■ Task details: This exercise calls for the data below to be retyped exactly, minus any images.

■ Source material:
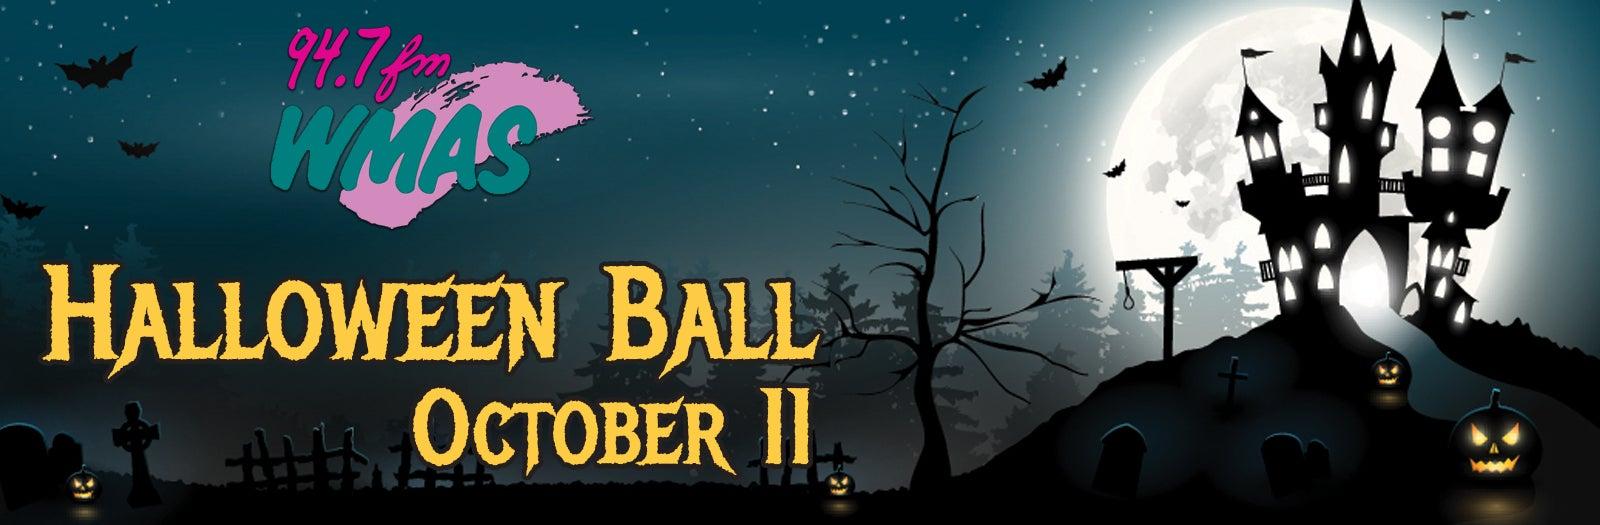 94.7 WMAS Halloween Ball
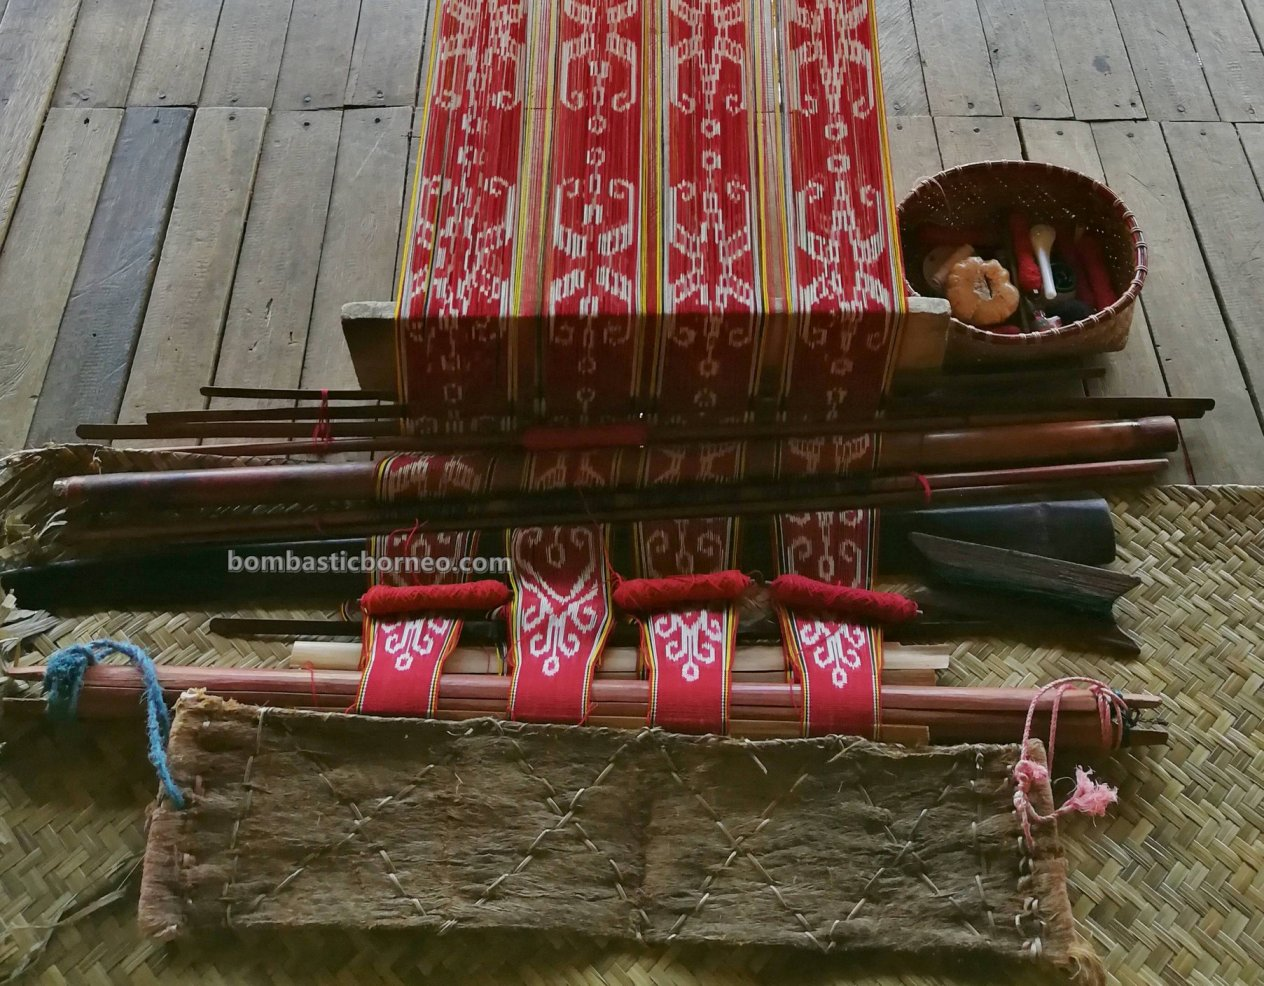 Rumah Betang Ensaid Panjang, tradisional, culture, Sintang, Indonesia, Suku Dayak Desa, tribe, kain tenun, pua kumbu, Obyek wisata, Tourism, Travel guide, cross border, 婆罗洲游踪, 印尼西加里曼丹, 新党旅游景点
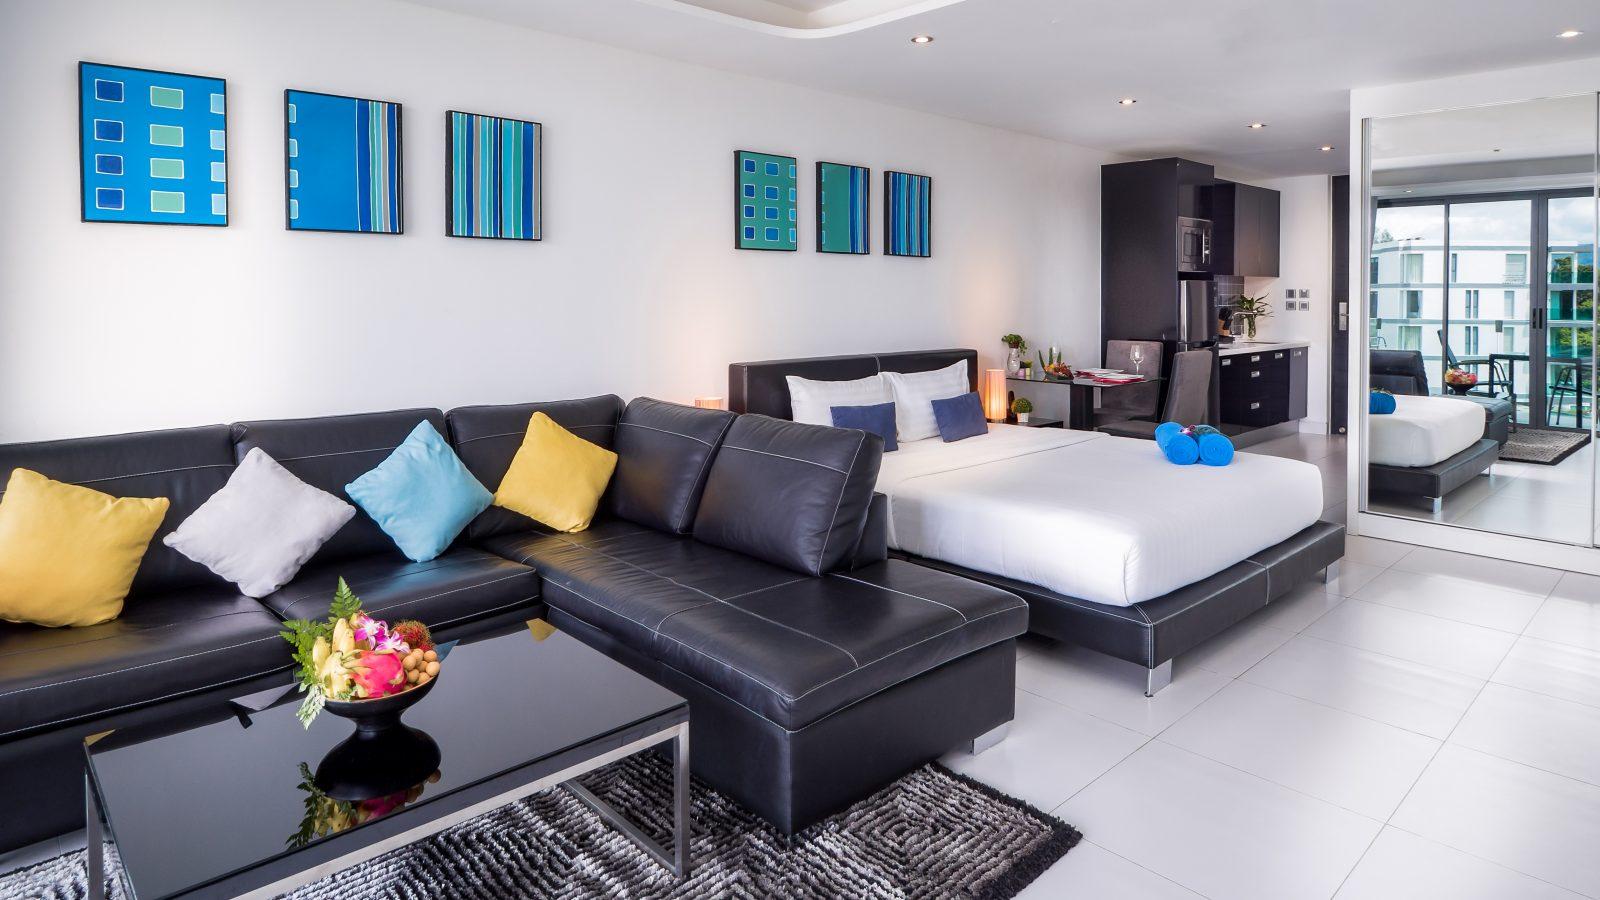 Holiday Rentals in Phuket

■ Exercise solution:
 94.7 WMAS Halloween Ball
 Rumah Betang Ensaid Panjang, tradisional, culture, Sintang, Indonesia, Suku Dayak Desa, tribe, kain tenun, pua kumbu, Obyek wisata, Tourism, Travel guide, cross border, 婆罗洲游踪, 印尼西加里曼丹, 新党旅游景点
 Holiday Rentals in Phuket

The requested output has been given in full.